Вернуться к А.Ю. Щербаков. Емельян Пугачев. Изнанка Золотого века

Армия начинает и проигрывает

Оставим на время Емельяна Пугачева, празднующего очередную победу, посмотрим на ситуацию с другой стороны.

В центре края, в Оренбурге, сведения о Пугачеве поступали в следующем порядке.

13 сентября пришла из Государственной Военной Коллегии «ориентировка» на беглеца из казанской тюрьмы Емельяна Пугачева. Всем властям предлагалось принять меры к его поимке. Внимания на это не обратили. Мало ли кто откуда сбежал. К тому же — где Казань и где Оренбург.

Следующий звоночек раздался через два дня. Это был рапорт коменданта яицкого городка Симонова за 10 сентября о том, что в округе шатается какой-то самозванец и что он, Симонов, отправил отряд на его поимку. Ну и что? Рутина.

Первый серьезный сигнал губернатор Оренбургской области генерал-поручик Иван Андреевич Рейнсдорп получил 21 сентября от того же Симонова. Комендант доносил, что «известный самозванец уже в собрании находится и сего числа, когда еще более соберется, намерен быть к здешнему городу». Рапорт болтался где-то четыре дня, хотя расстояние от Яицкого городка до Оренбурга — 250 километров. За два дня это расстояние преодолевается верхом без особого труда. А казак на сменных лошадях добирался за 12—14 часов.

Но пока что все эти сведения были известны только кругу высших ответственных работников. В городе о Пугачеве ничего не знали.

Все изменилось 22 сентября.

В этот день в доме губернатора шел бал, посвященный годовщине коронации Екатерины II. И надо же так случиться, что именно на него явился курьер с сообщением о том, что «альтернативный государь» взял Илецкий городок...
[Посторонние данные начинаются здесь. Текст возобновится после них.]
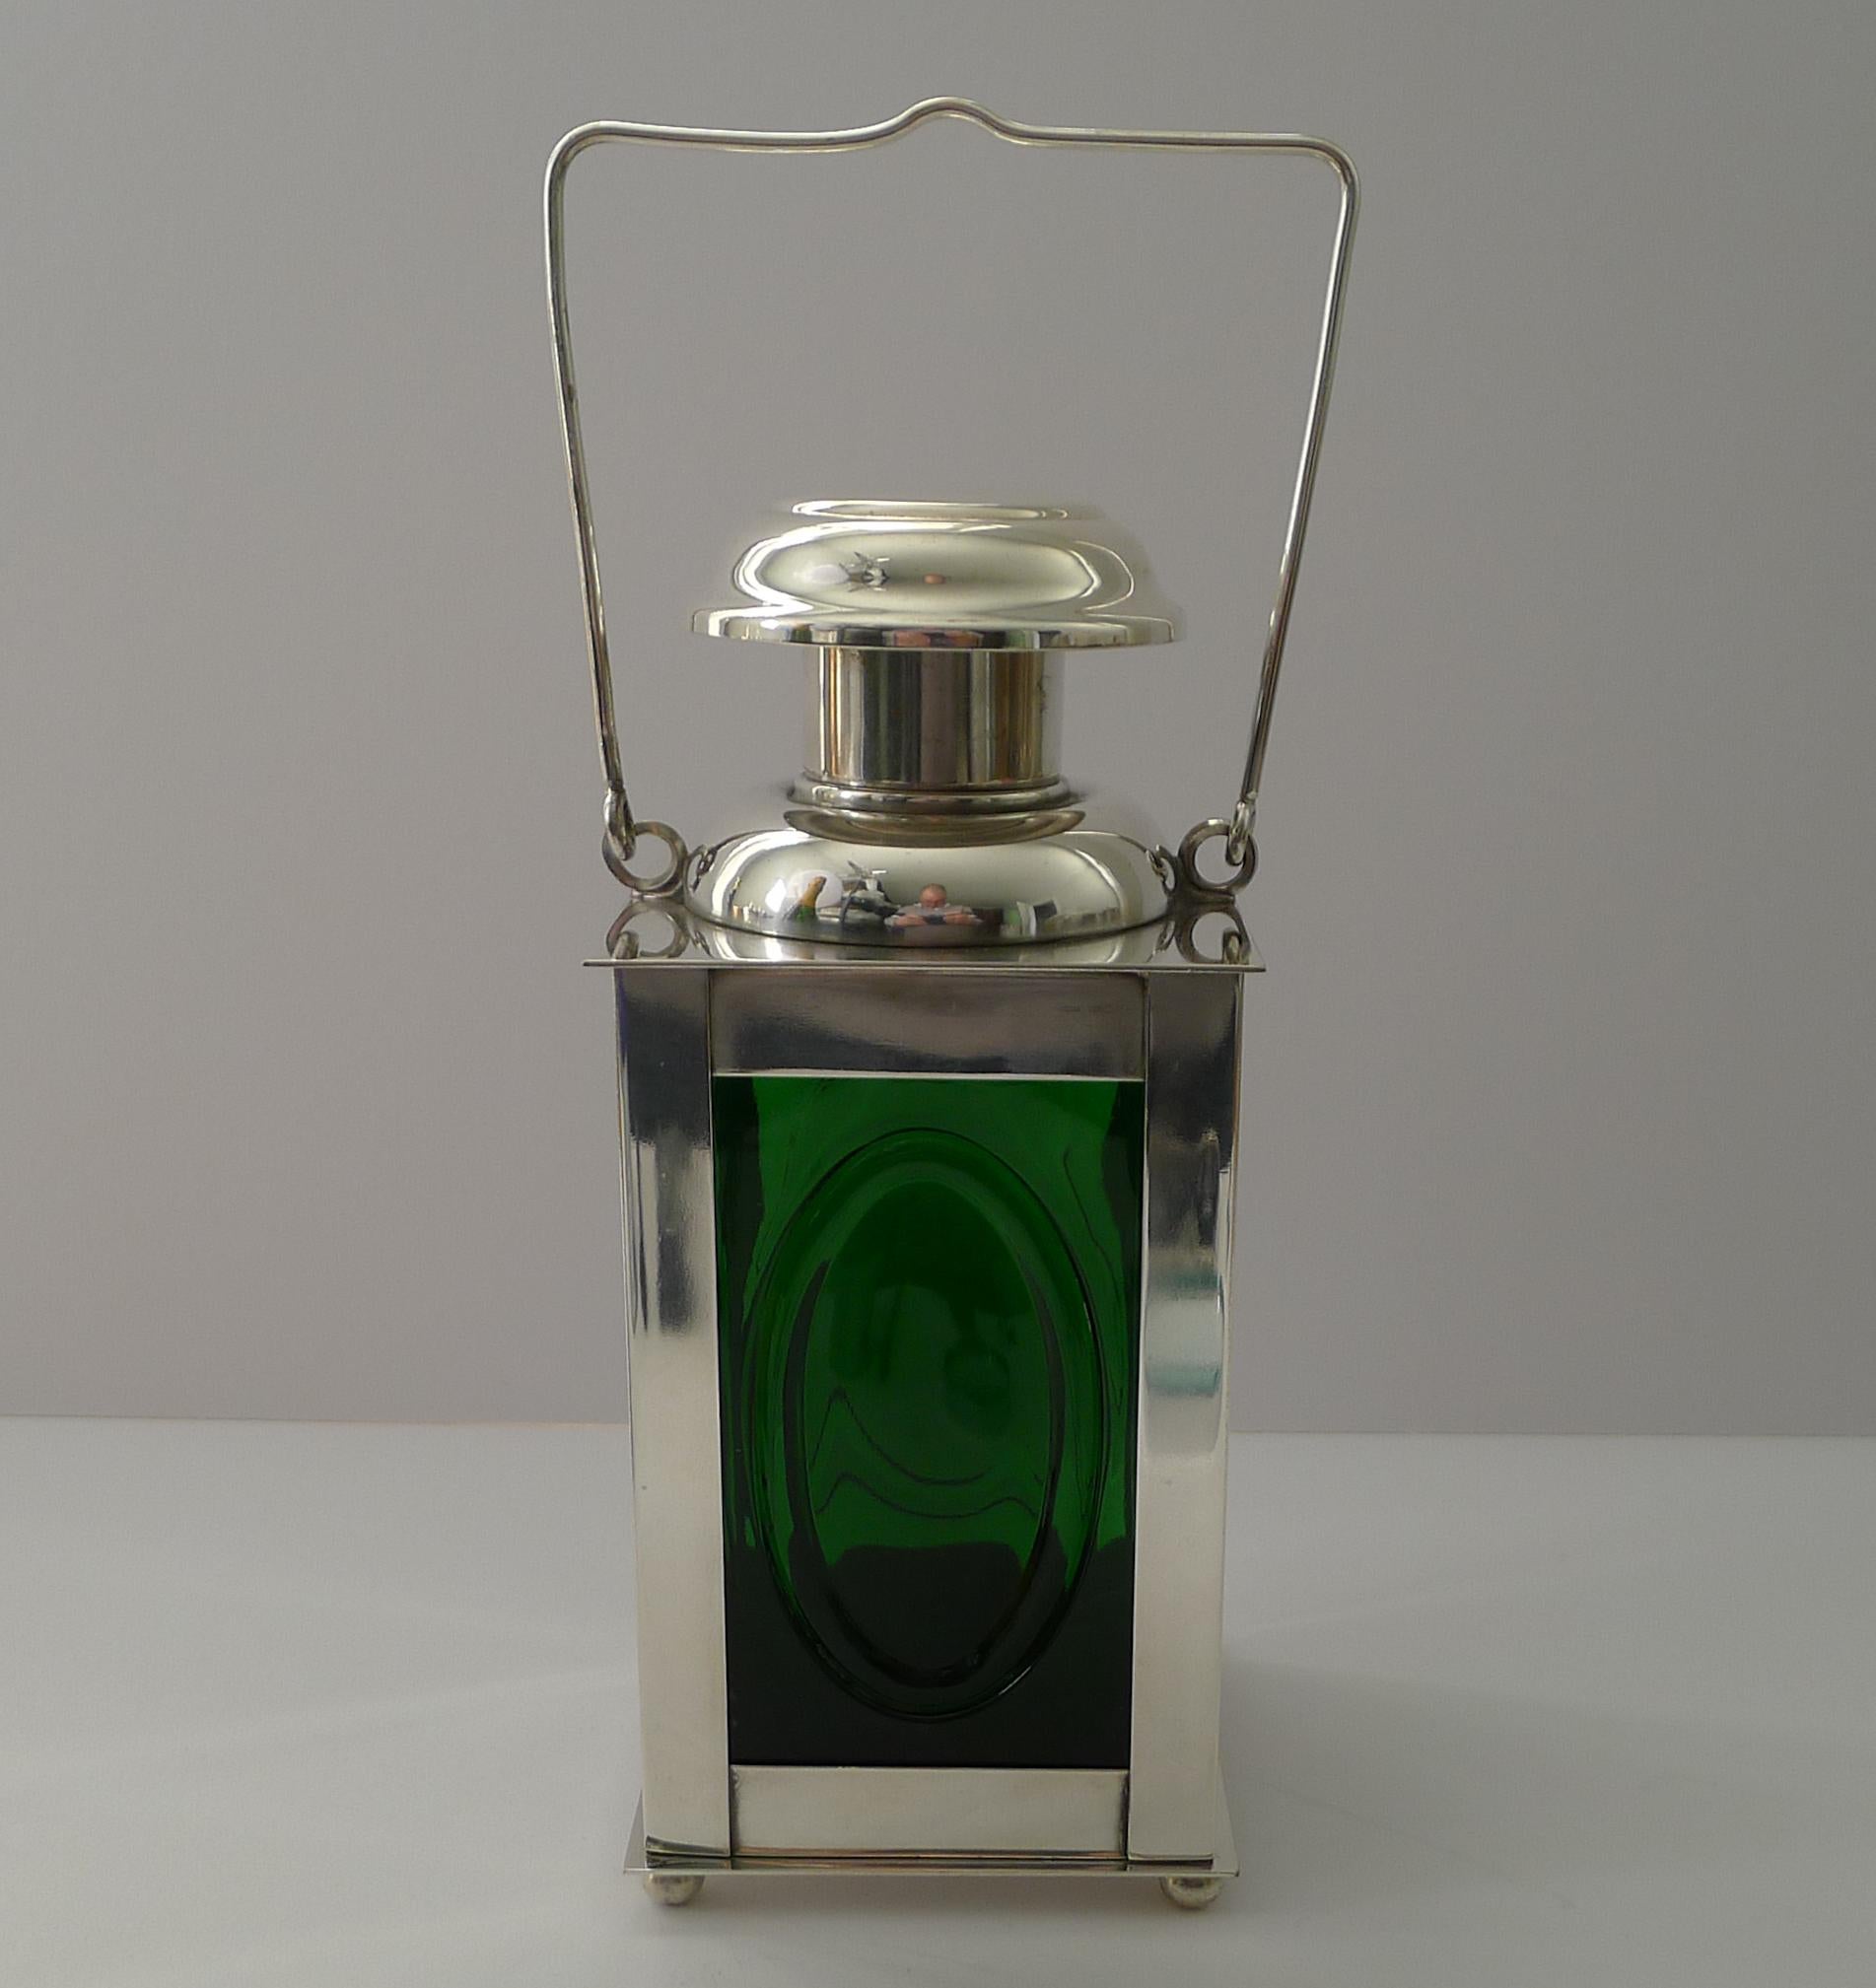 A wonderful and fun decanter or cocktail shaker made from silver plate with the original green bottle or decanter within in the form of a Marine or Railway Signal Lantern

The underside is where the full mark can be found, I believe for the

«Рейнсдорп поспешил принять меры к прекращению возникающего зла. Он предписал бригадиру барону Билову выступить из Оренбурга с четырьмястами солдат пехоты и конницы и с шестью полевыми орудиями и идти к Яицкому городку, забирая по дороге людей с форпостов и из крепостей. Командиру Верхне-Озерной дистанции бригадиру барону Корфу велел как можно скорее идти к Оренбургу, подполковнику Симонову отрядить майора Наумова с полевой командой и с казаками для соединения с Биловым; ставропольской канцелярии велено было выслать к Симонову пятьсот вооруженных калмыков, а ближайшим башкирцам и татарам собраться как можно скорее и в числе тысячи человек идти навстречу Наумову».

(А.С. Пушкин)

То есть Рейнсдорп стал собирать войска откуда только можно со всей необъятной территории своей губернии. А ведь упомянутый Ставрополь (он же Ставрополь-на-Волге) — это нынешний Тольятти, который находится от Оренбурга на расстоянии 400 километров. Туда переселяли крещеных калмыков. Это примерно как запросить помощи из Питера в Петрозаводске. Или из Москвы — в Курске. С учетом тогдашней скорости связи и передвижения.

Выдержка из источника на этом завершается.